Hilton also announced the Waldorf Astoria Residences Dubai Downtown, its first standalone residential property outside the U.S. Additionally, Hampton by Hilton marked a significant milestone with the opening of its 3,000th hotel globally during the quarter. This coincides with the brand’s 40th anniversary, entry into its 40th country, and its expected debut on its fifth continent, Africa, later this year.
During the first quarter, Hilton expanded its development pipeline by 29,800 rooms. As of March 31, the company’s pipeline comprised approximately 3,380 hotels, totaling 472,300 rooms across 119 countries and territories.

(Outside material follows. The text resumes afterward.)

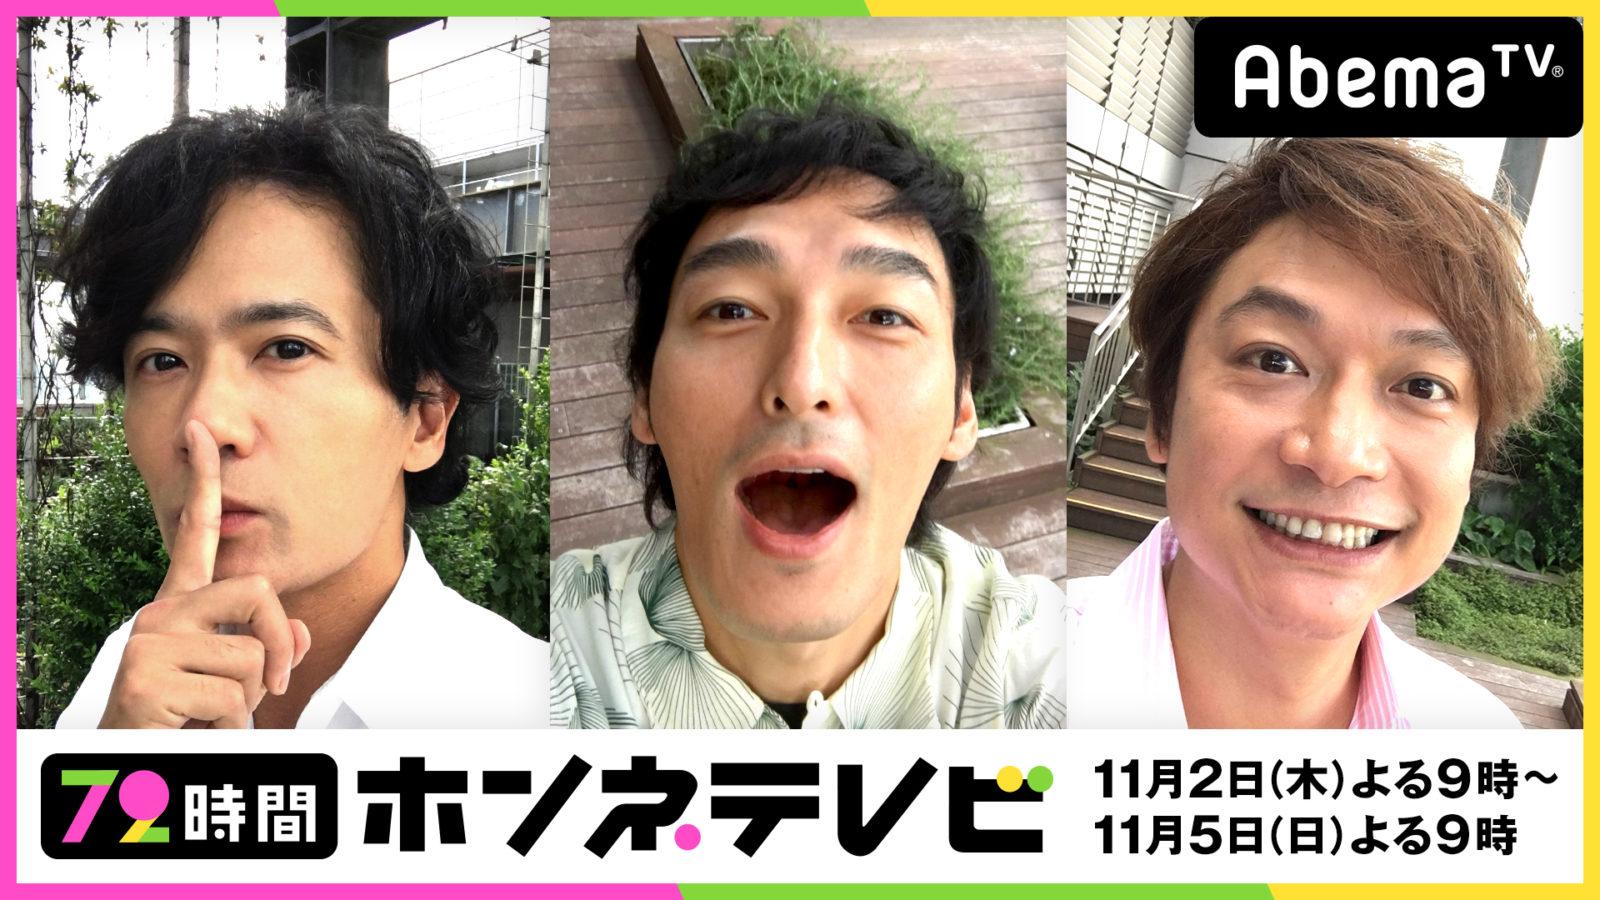 「稲垣・草なぎ・香取3人でインターネットはじめます『72時間ホンネテレビ』」 番組予約数がAbemaTV過去最高を記録サムネイル画像
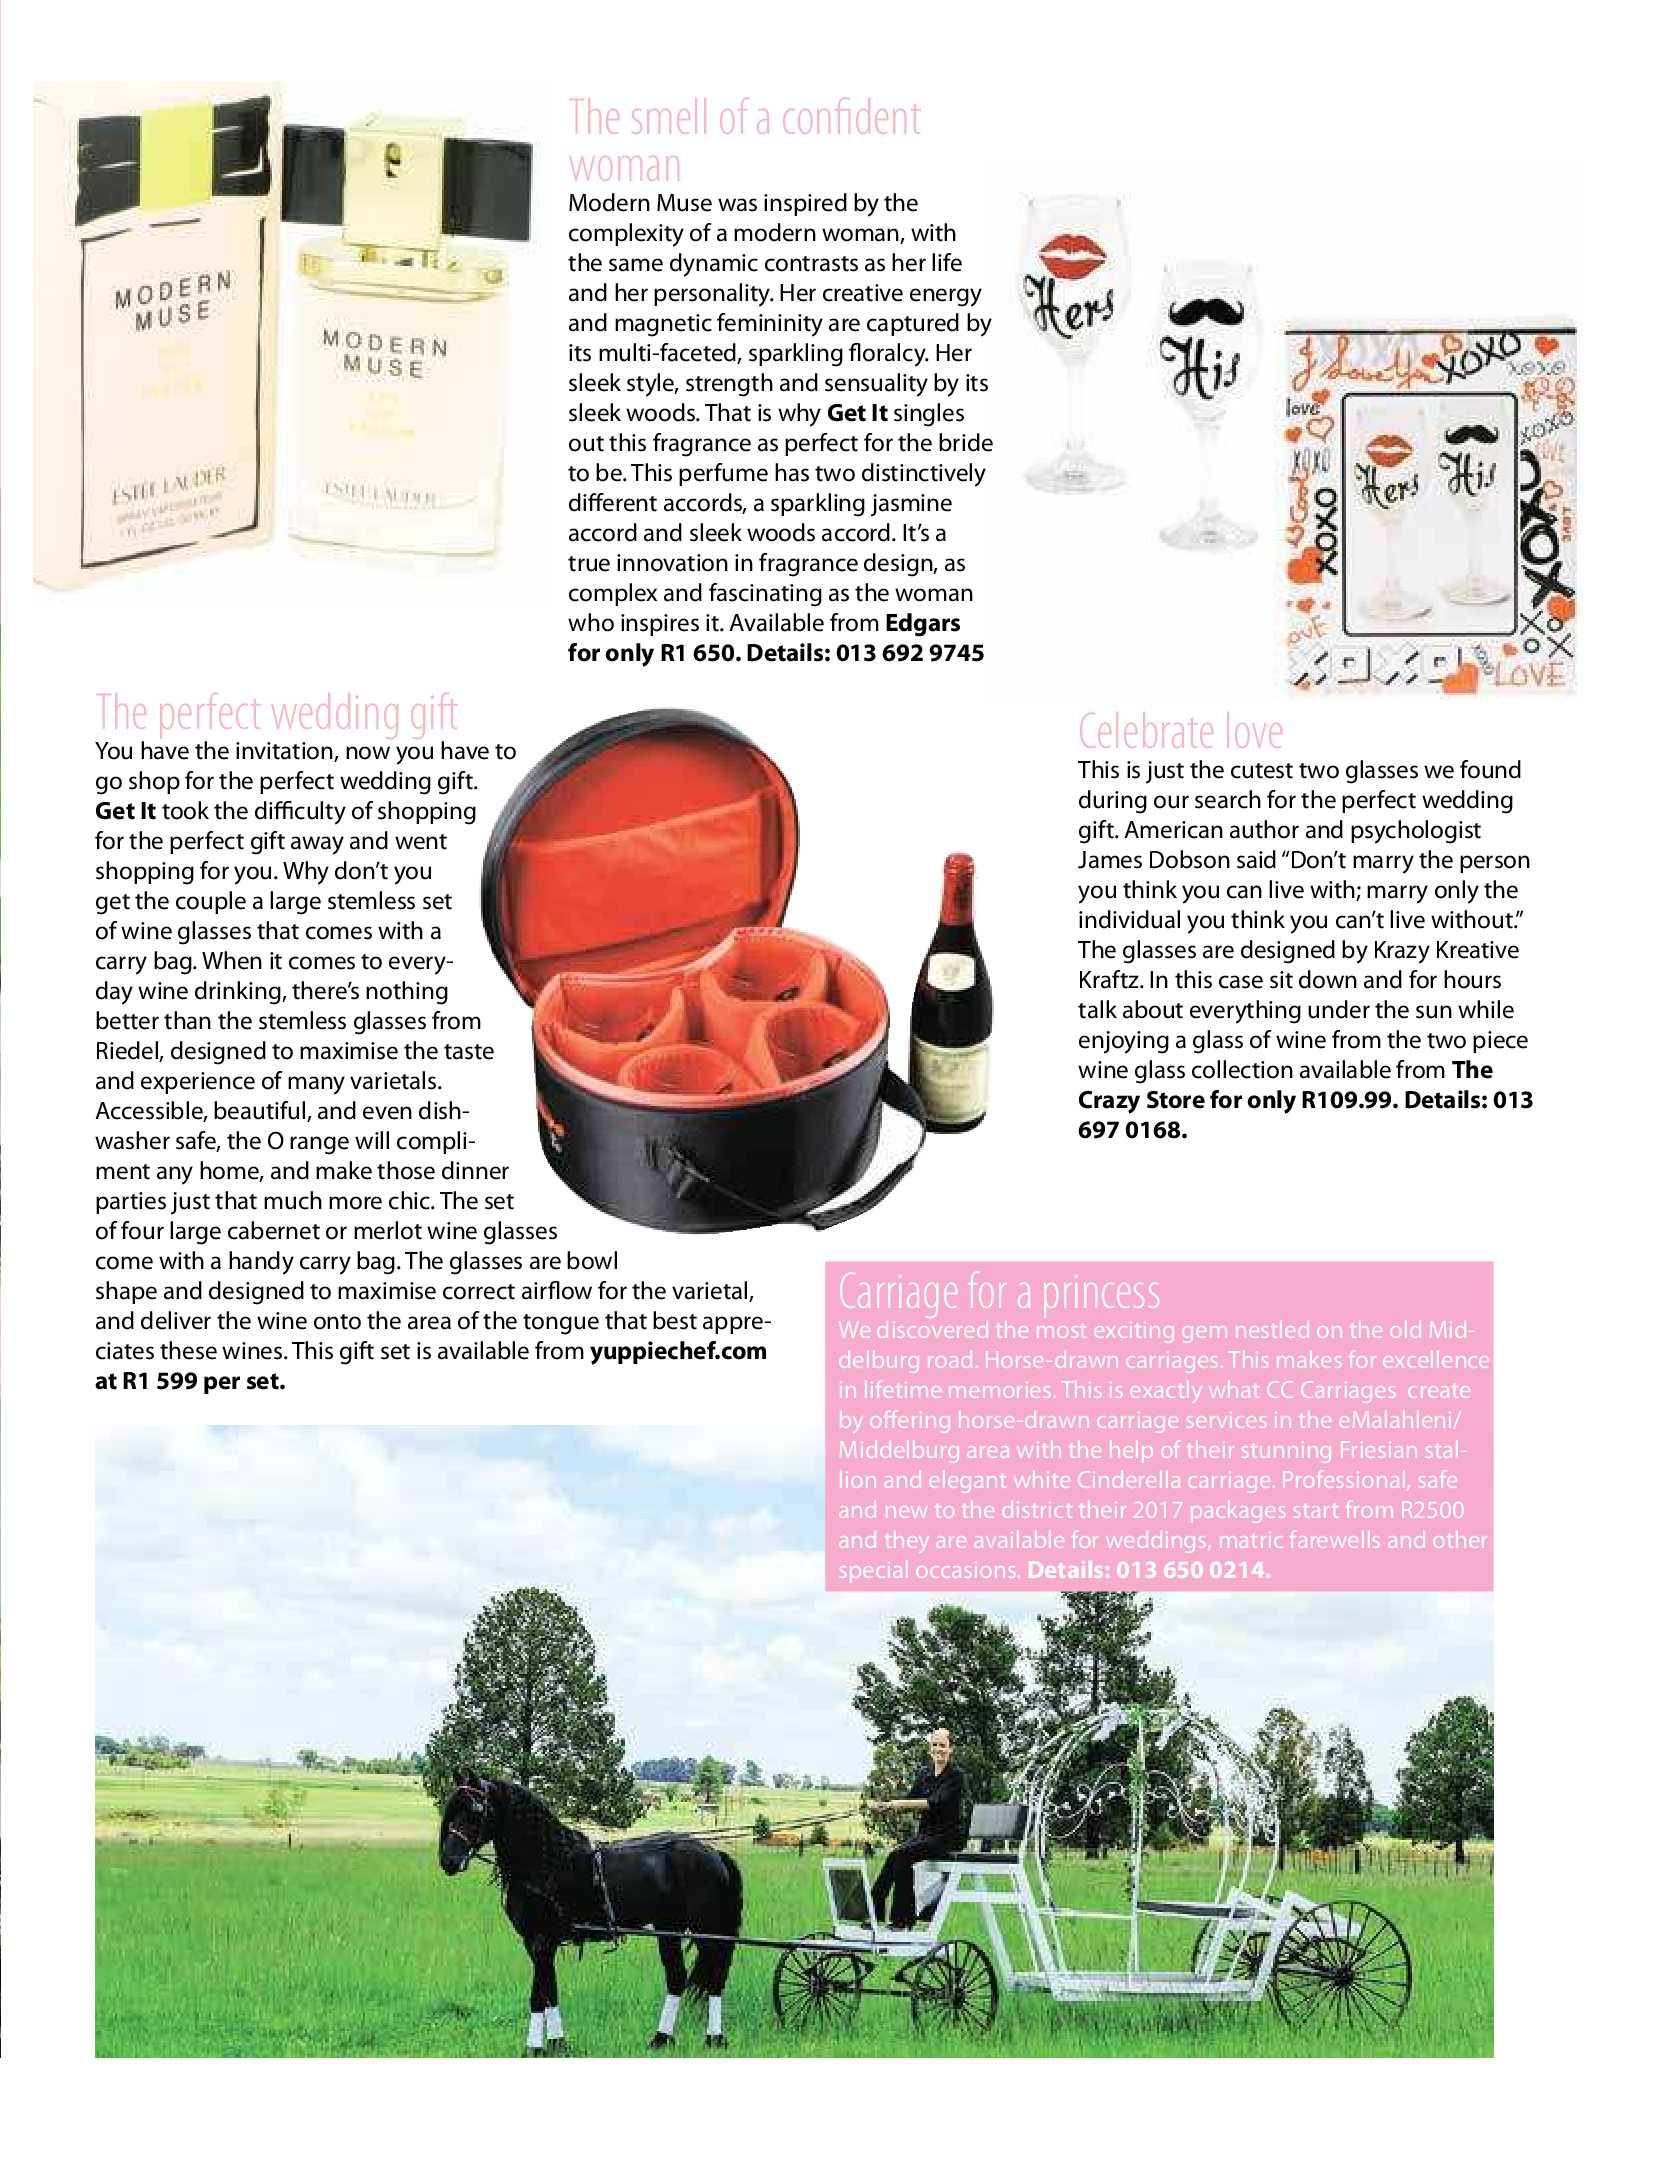 get-middelburg-may-2017-epapers-page-7

Notably, this includes 31 countries and territories where Hilton had no existing hotels.
Additionally, among the rooms in the development pipeline, 229,700 were under construction, with 267,900 located outside of the U.S.
Positive outlook
Hilton’s outlook incorporates actual share repurchases through the first quarter but excludes the impact of potential share repurchases thereafter.
Moreover, it does not account for the planned acquisition of Graduate Hotels.
2024 projections
- System-wide comparable RevPAR, on a currency-neutral basis, is forecasted to increase between 2 percent and 4 percent compared to 2023.
- Diluted EPS is expected to range between $6.21 and $6.35, with adjusted diluted EPS between $6.89 and $7.03.
- Net income is projected to range from $1.586 billion to $1.621 billion, while adjusted EBITDA is expected to be between $3.375 billion and $3.425 billion.
- Contract acquisition costs and capital expenditures, excluding amounts reimbursed by third parties, are estimated to be between $250 million and $300 million.
- Capital return is anticipated to reach approximately $3 billion.
- General and administrative expenses are forecasted to range between $415 million and $430 million.
- Net unit growth, excluding the impact of the planned acquisition of the Graduate Hotels brand, is projected to be between 6 percent and 6.5 percent.
Second-quarter forecast
- System-wide comparable RevPAR, currency-neutral, is forecasted to rise between 2 percent and 4 percent compared to the second quarter of 2023.
- Diluted EPS is expected to range between $1.74 and $1.80, with adjusted diluted EPS between $1.80 and $1.86.
- Net income is projected to range from $443 million to $457 million, while adjusted EBITDA is expected to be between $890 million and $910 million.
In March, Hilton unveiled a new North American prototype and refreshed global brand identity for Hampton Inn and Hampton Inn & Suites. The prototype’s first hotel is set to open in early 2025.